Peri-ocular involvement of the hemangioma was present in 19 (79%) patients, involving the eyelids (n=19), orbit (n=8), and conjunctiva (n=5). Due to eyelid involvement, 15 (63%) patients had ptosis, with six resulting in visual obstruction.Only 2 (8%) patients had ocular anomalies that met the diagnostic criteria for PHACE syndrome. The first patient had peripapillary staphyloma, a major criterion. The second patient had two minor criteria, cataract and Peters anomaly, in the spectrum of sclerocornea.Amblyopia was present in 10 (42%) patients.
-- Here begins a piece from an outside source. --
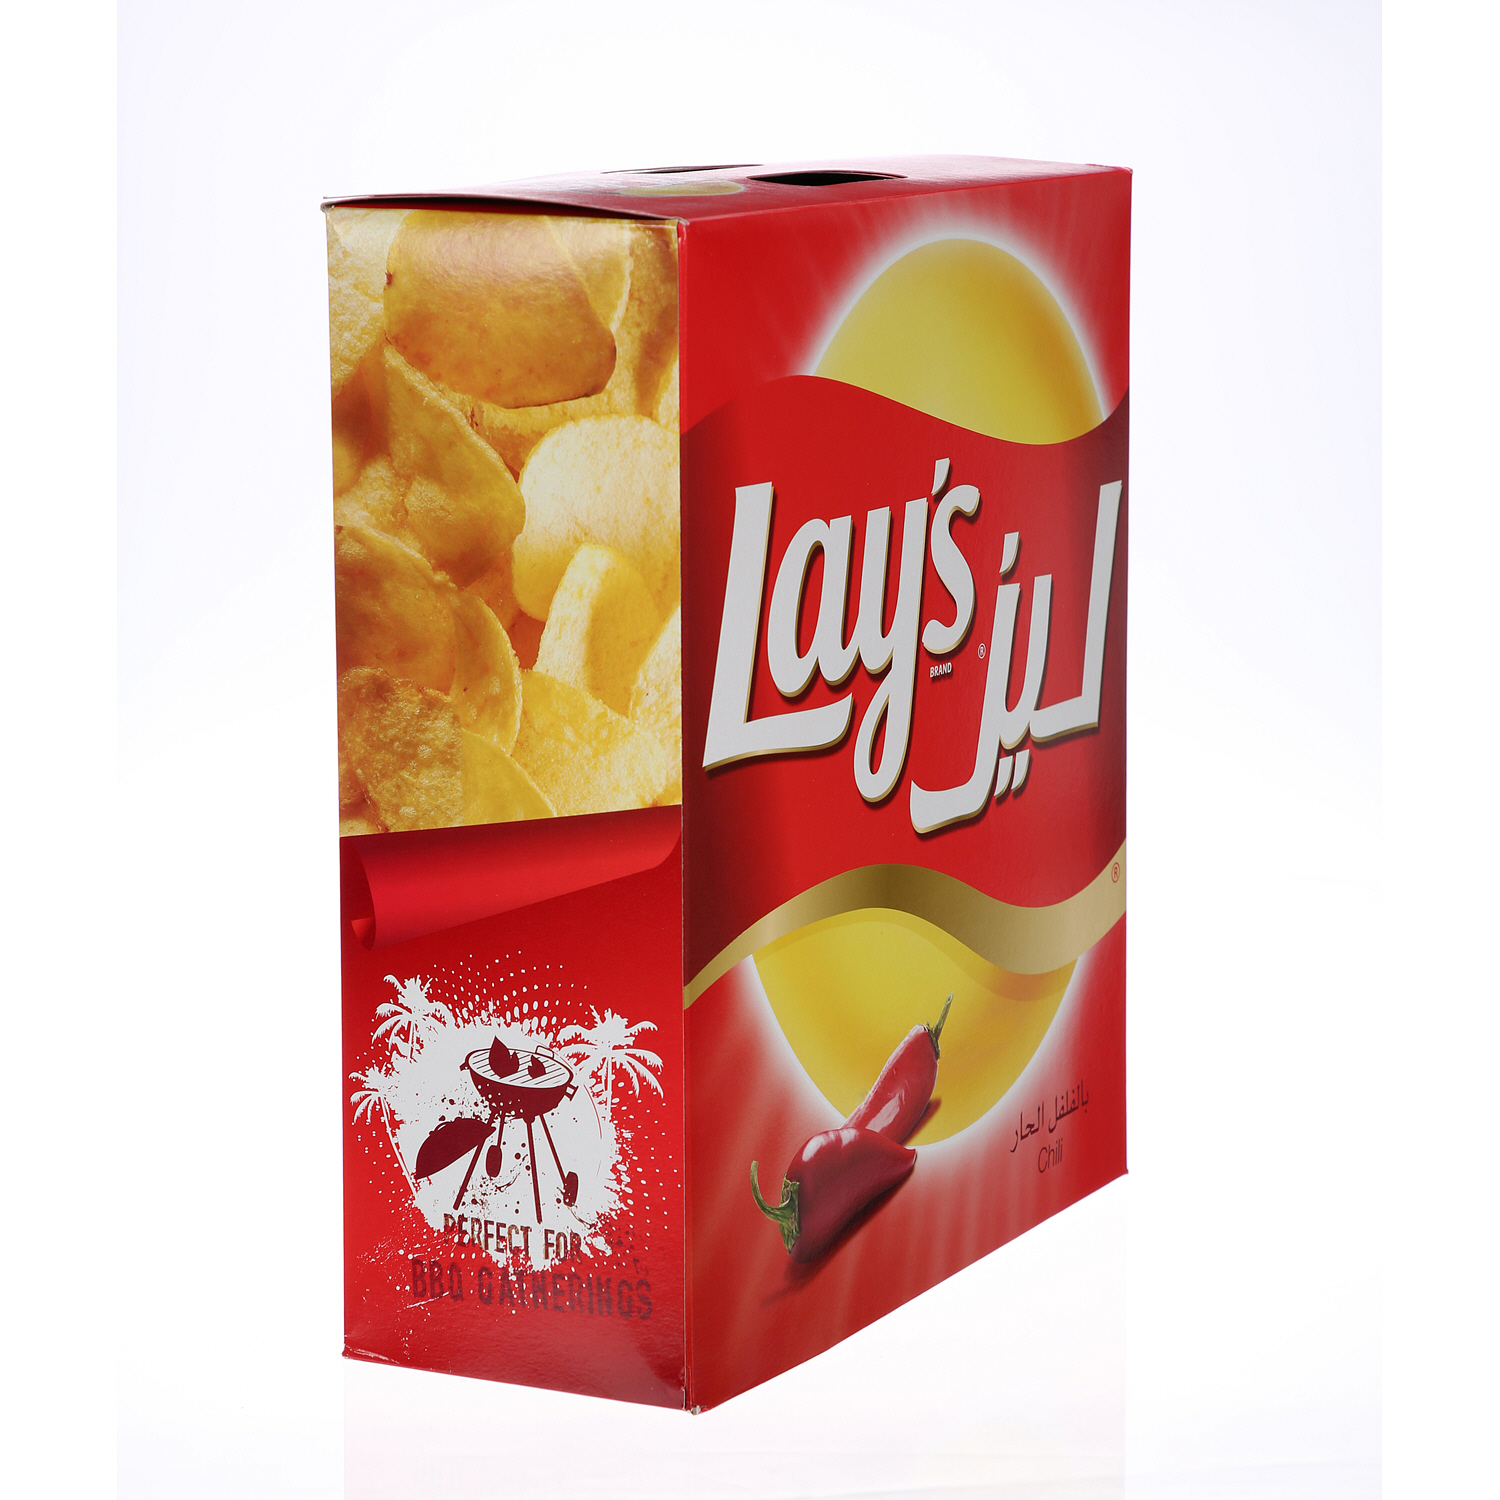 Lay's Chips Chilli 25gm × 14'S

Treatments included optical iridectomy for Peters anomaly, refractive correction and patching for amblyopia. Strabismus developed in 5 (21%) patients, 4 of whom required corrective surgery.
We report the largest cohort for which ophthalmic findings are investigated, of which only 2 patients had findings that meet the ocular diagnostic criteria, suggesting that these findings are uncommon in PHACE syndrome. Furthermore, these 2 patients would have been diagnosed with PHACE syndrome even without the ocular criteria, putting into question the relevance of the ocular criteria. Most eye abnormalities were complications secondary to the location of the hemangioma, including ptosis, proptosis, strabismus, and amblyopia. Thus, regardless of diagnostic criteria, ophthalmologists should be consulted in all cases of PHACE syndrome to promptly recognize and treat ophthalmic complications.
This is an abstract that was submitted for the 2017 ARVO Annual Meeting, held in Baltimore, MD, May 7-11, 2017.